First, we identify the audio files to analyze:

# Get all audio files from the data folder
audio_files <- list.files("data/audio/",
                          pattern = "\\.(wav|mp3)$",
                          full.names = TRUE)

cat("Found", length(audio_files), "audio files:\n")
## Found 6 audio files:
for (f in audio_files) {
  size_mb <- file.size(f) / 1024^2
  duration_sec <- NA  # Would require audio package to calculate
  cat(sprintf("  %s (%.2f MB)\n", basename(f), size_mb))
}
##   F1523643-7930-4FCA-B0E1-1CB5AEBE6BF2.mp3 (0.50 MB)
##   harvard.wav (3.10 MB)
##   OSR_cn_000_0072_8k.wav (0.30 MB)
##   OSR_cn_000_0075_8k.wav (0.38 MB)
##   OSR_fr_000_0041_8k.wav (1.22 MB)
##   OSR_in_000_0064_8k.wav (0.57 MB)

These audio files contain speech samples in multiple languages from the Open Speech Repository and other sources.

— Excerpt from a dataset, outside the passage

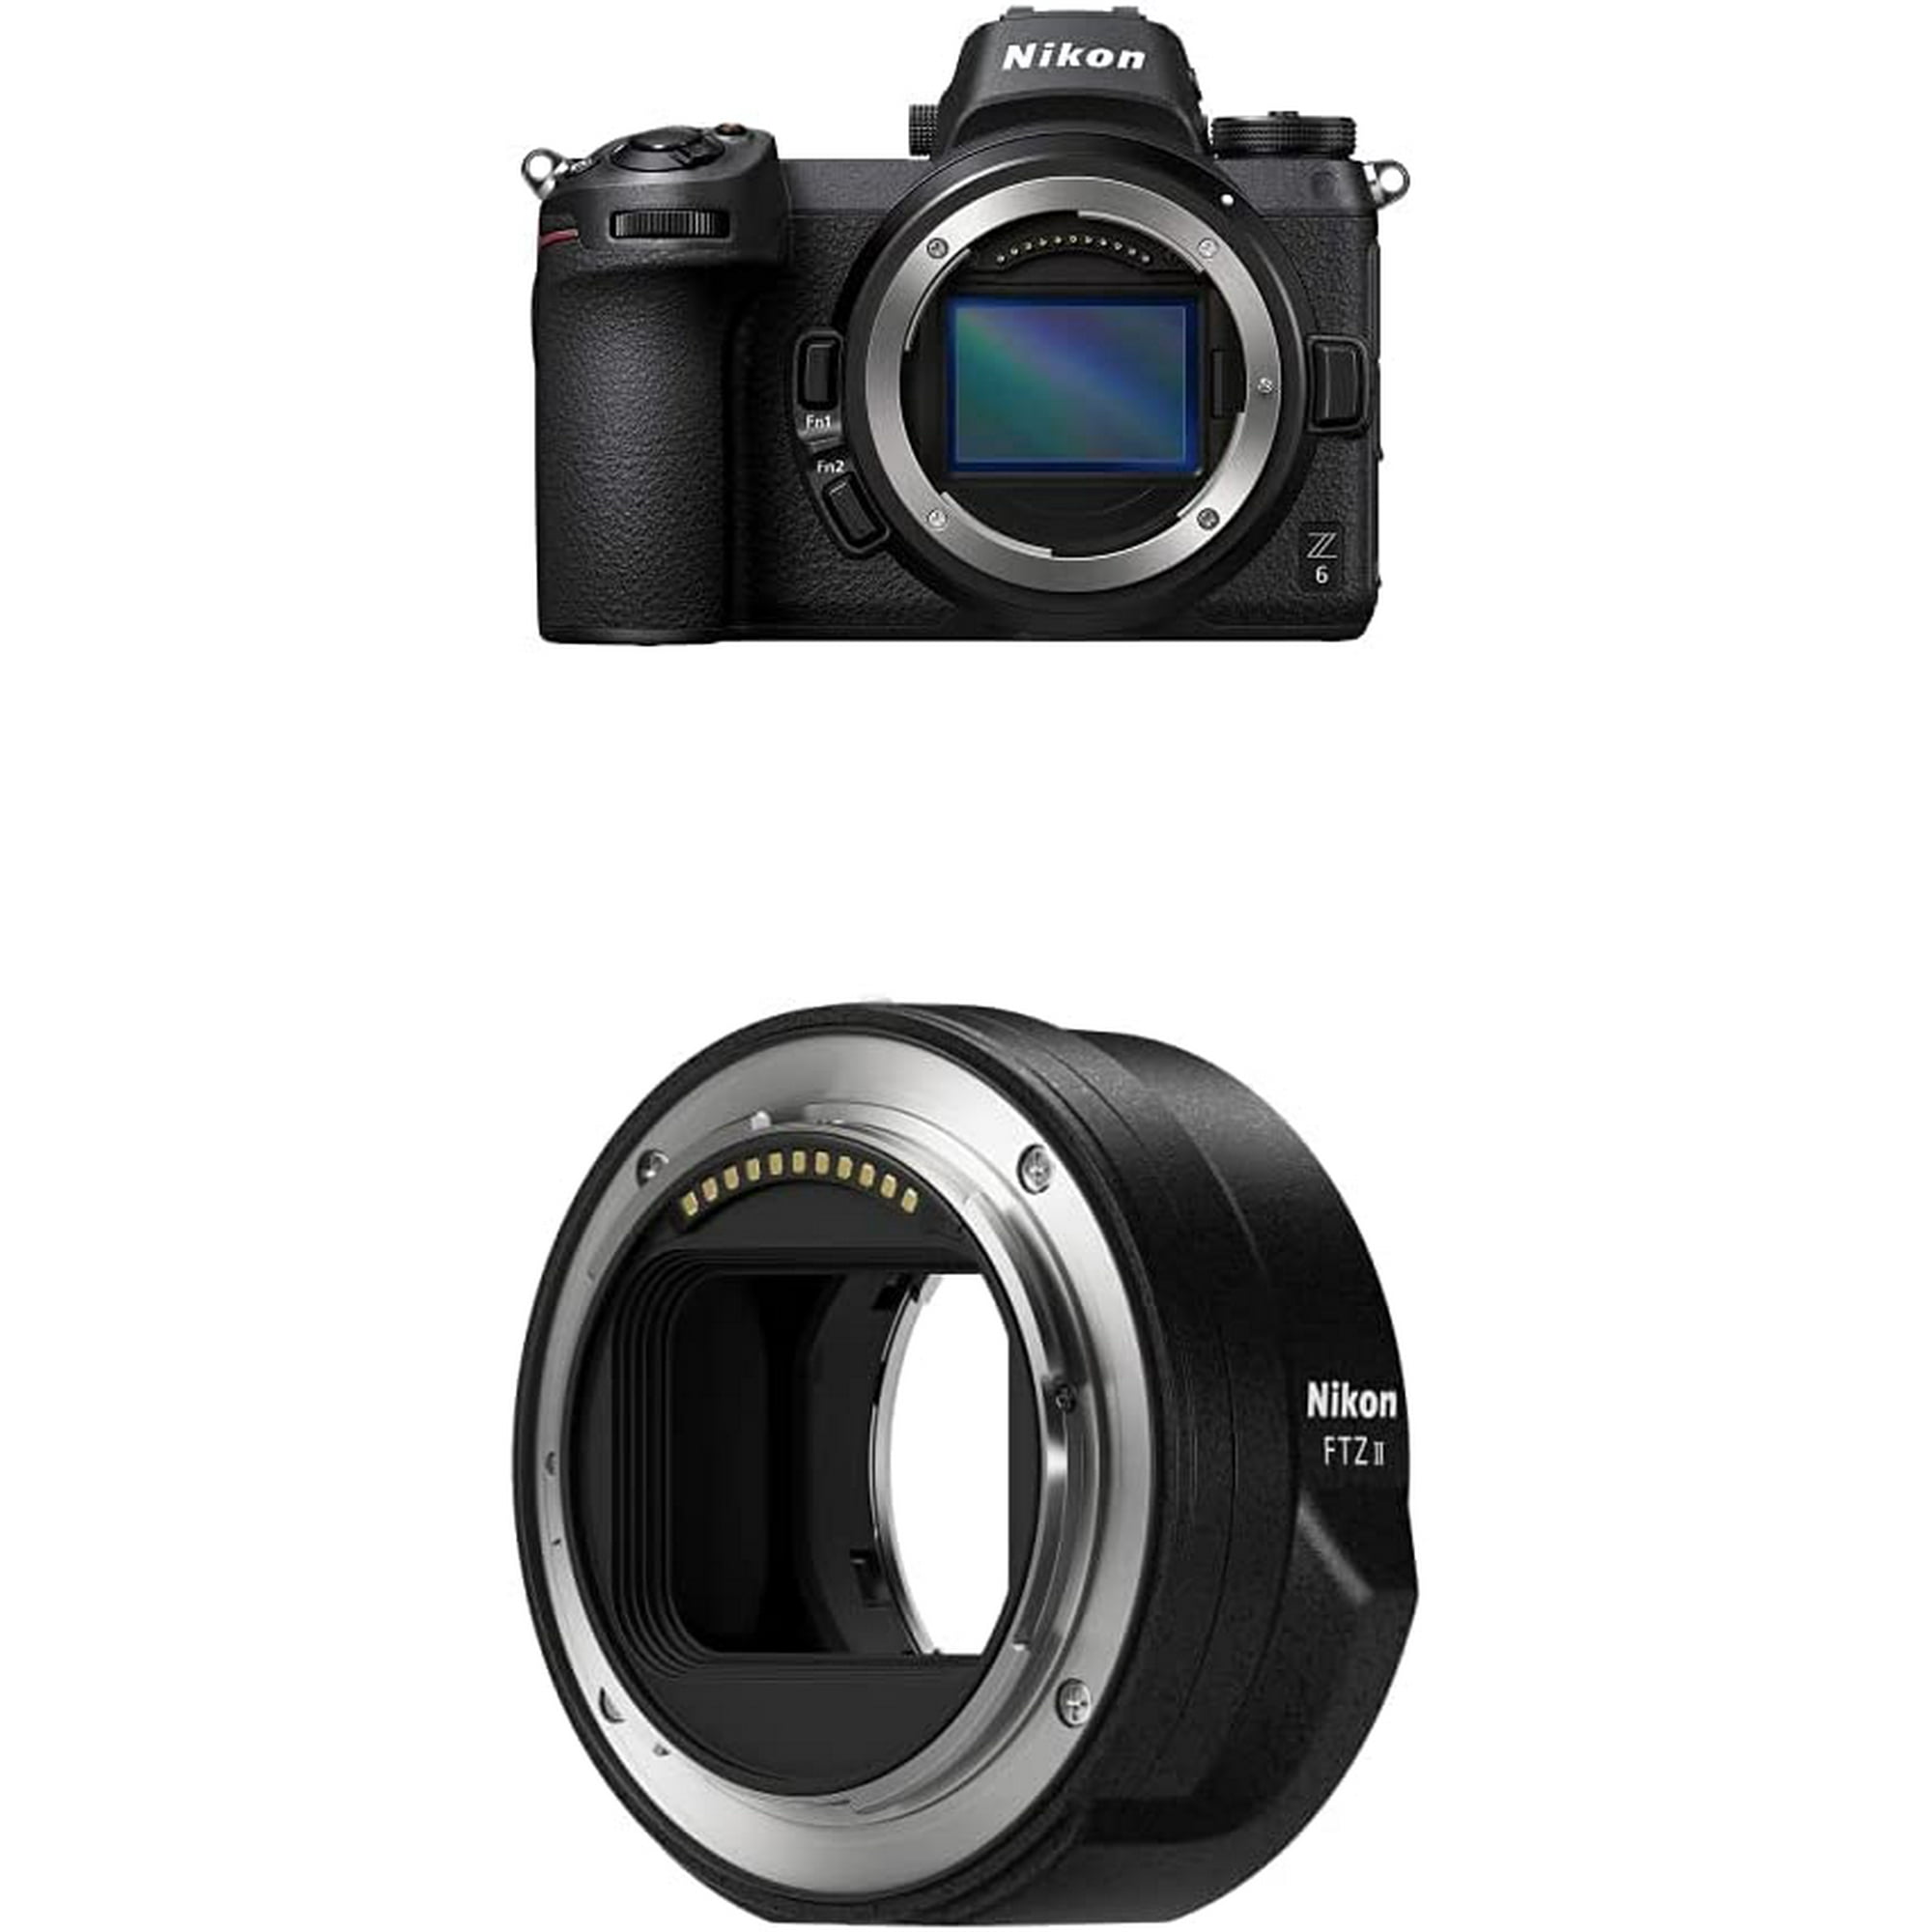 Nikon Z6 Full Frame Mirrorless Camera Body with Nikon Mount

Step 1: Transcribing audio with Whisper

OpenAI’s Whisper model provides high-quality, multilingual transcription. We use the openai package to transcribe each audio file:

library(openai)

# Transcribe all audio files
transcriptions <- map_chr(audio_files, function(file_path) {
  cat("Transcribing:", basename(file_path), "\n")

  transcription <- create_transcription(
    file = file_path,
    model = "whisper-1"
  )

  transcription$text
})

# Name the transcriptions by filename
names(transcriptions) <- basename(audio_files)

# Save transcriptions
saveRDS(transcriptions, "data/transcriptions_whisper.rds")

Viewing the transcriptions

Let’s examine the transcribed content:

# Display each transcription (truncated for readability)
for (i in seq_along(transcriptions)) {
  cat("=== File:", names(transcriptions)[i], "===\n")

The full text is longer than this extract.